I keep writing about HAES because within the philosophy there are nuggets of truly helpful information. It is possible to improve health without losing weight, if you adopt healthier habits. Eating a healthy diet and moving as much as you can offers even the largest person a way to better health and better living. My frustration (beyond the weight and health are disassociated fallacy) is the insistence that intentional weight loss be avoided. I just don’t see anything wrong with adopting better habits with the hope that along with better health you will weigh a bit less.

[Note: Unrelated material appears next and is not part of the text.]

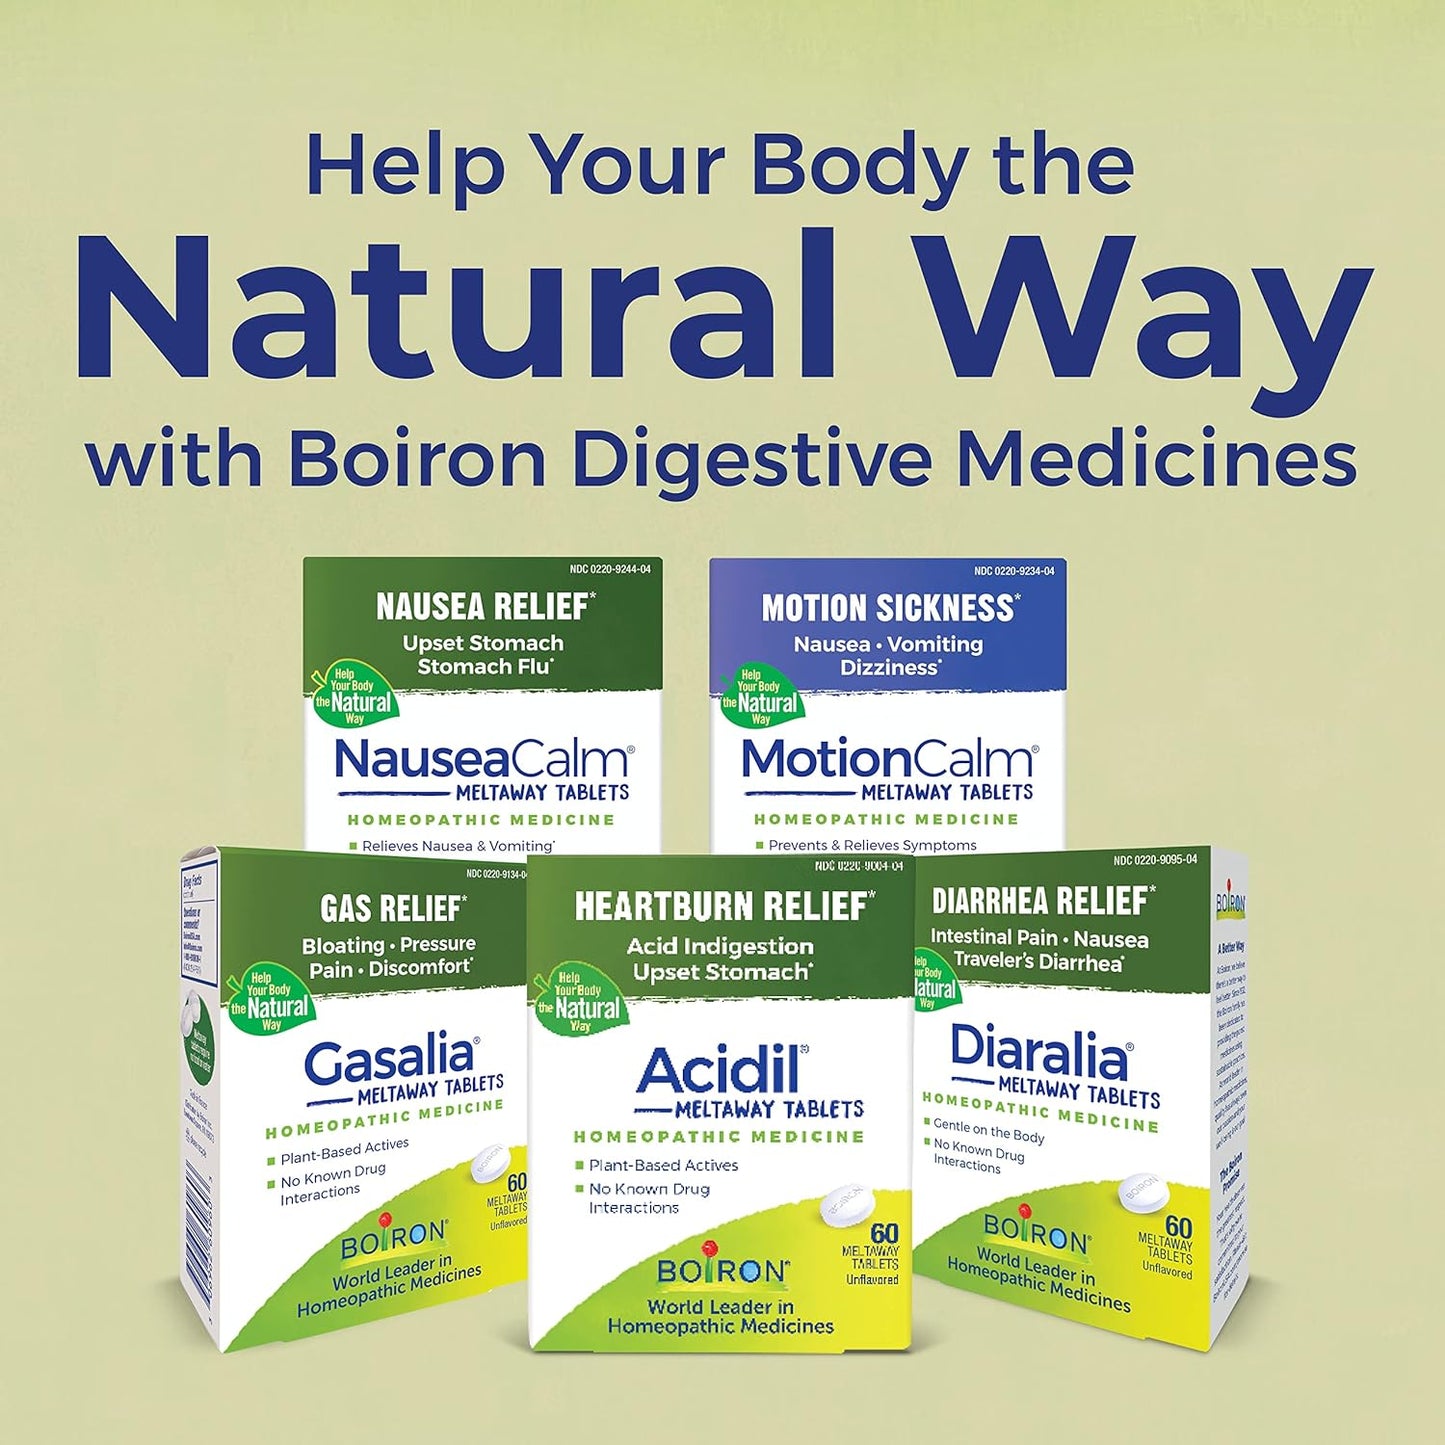 Boiron Acidil On The Go for Relief of Acid Reflux, Heartburn, Indigestion, Bloating - 2 Count (160 Pellets)
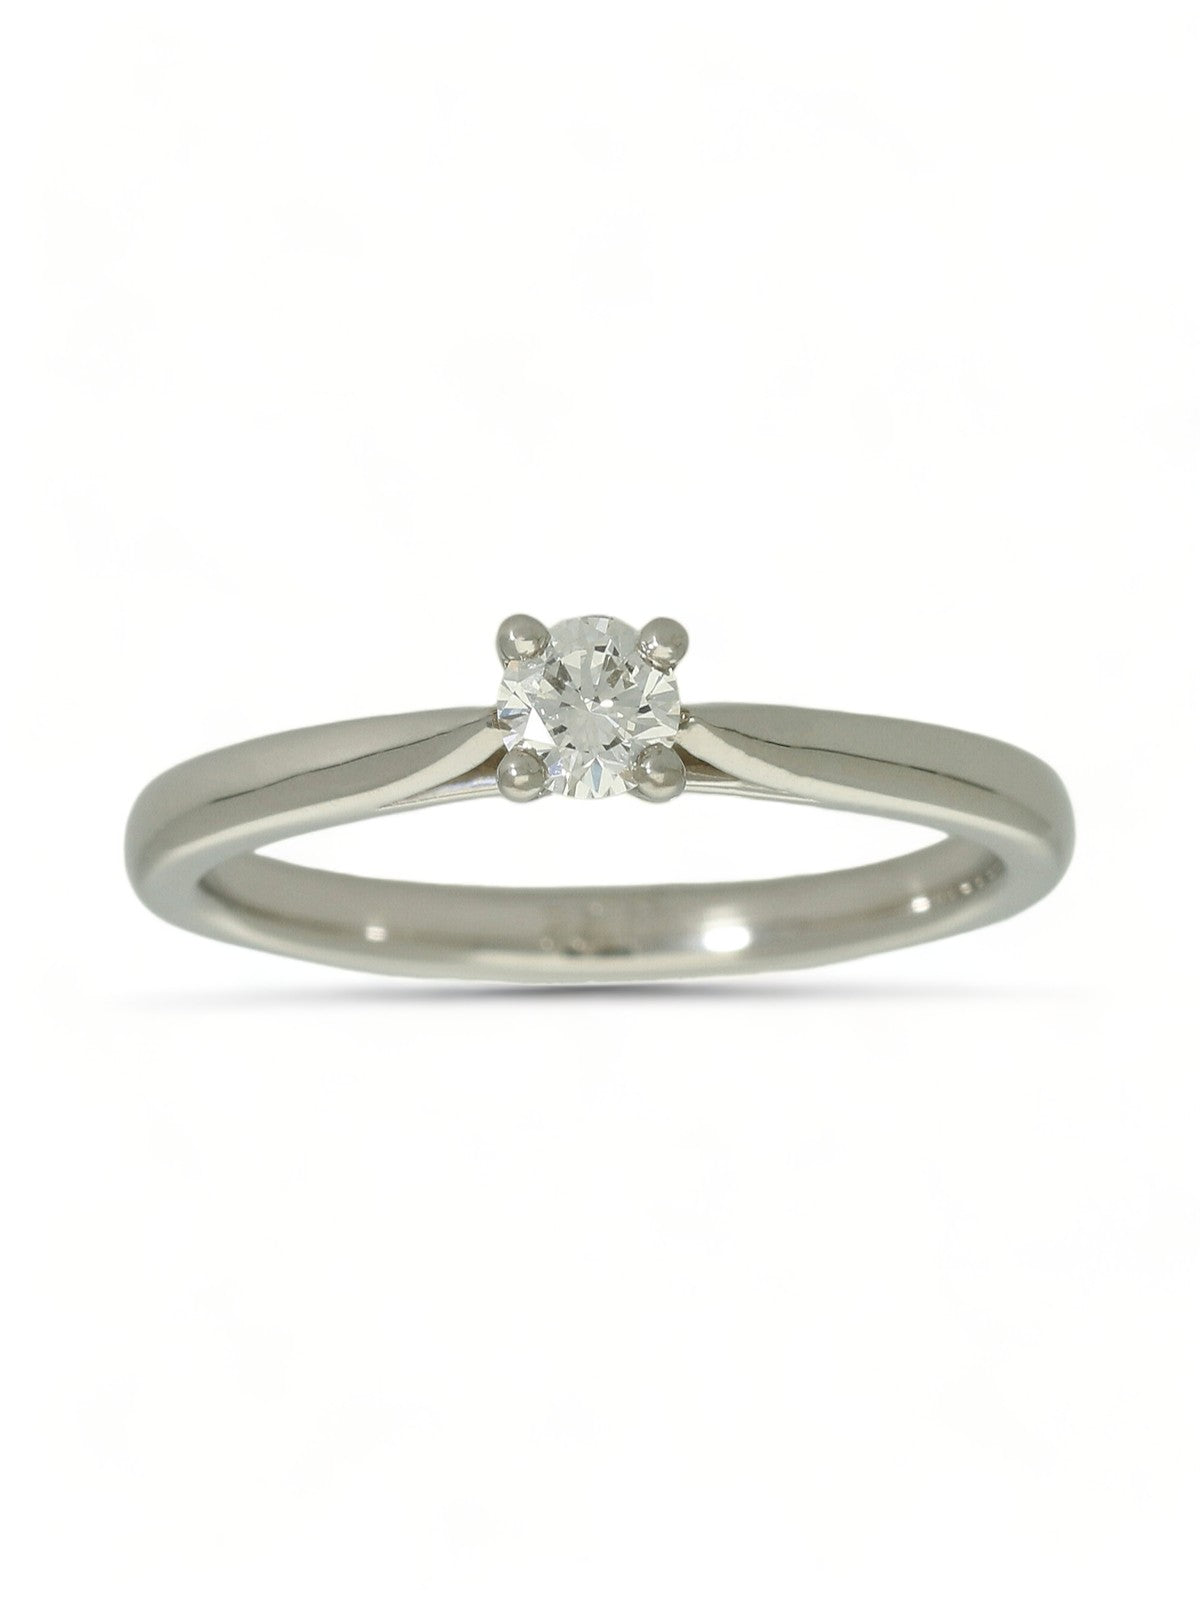 Diamond Solitaire Engagement Ring "The Catherine Collection" 0.20ct Round Brilliant Cut in Platinum

I’m not a fad diet promoter, but I am a believer in the energy balance. The reality is that if eating healthier results in eating fewer calories (and it likely will if your previous diet was a chock full of ultra-processed foods) then over time, the body will settle in at a lower weight/smaller size— especially if you also begin to move a bit more. I haven't banged the "NEAT" drum in awhile (non-exercise activity thermogenesis), but movement does not have to be deliberate exercise. It can be walking a bit further in the parking lot, taking the stairs, or simply standing more during the day. NEAT is not genetically determined, though parts of it are. Some people naturally fidget, and fidgeting falls in the category of NEAT. But choosing to stand and type (or watch TV) rather than sit is not genetic. It's a choice.

Once I made the choice to try to be on my feet more than on my seat, I found that even when I choose to sit I find reasons to get up more frequently than when sitting was my norm. With that and a dollar you have 100 cents, but that was my experience. It didn't happen overnight, but over time because I had chosen to make a new habit— and I enjoyed it enough to continue. If I'd hated it, the outcome would have been different and I would have needed to find a different way to increase my daily movement.

I've noted this before, but it's worth noting agains because there can be health consequences to standing all day. I don't simply stand in one place all day. I'm constantly shifting my feet and moving, especially if i'm reading and not typing. Sometimes I read accounts of people who try standing while working who make it sound as if they were like Beefeaters, standing stock still. It might be because I've used a treadmill desk, but my legs and feet are always moving, even as I stand in front of the screen.

In any event, my choice to stand while working needn't be yours, just find ways to move a bit more that fit your lifestyle and health status.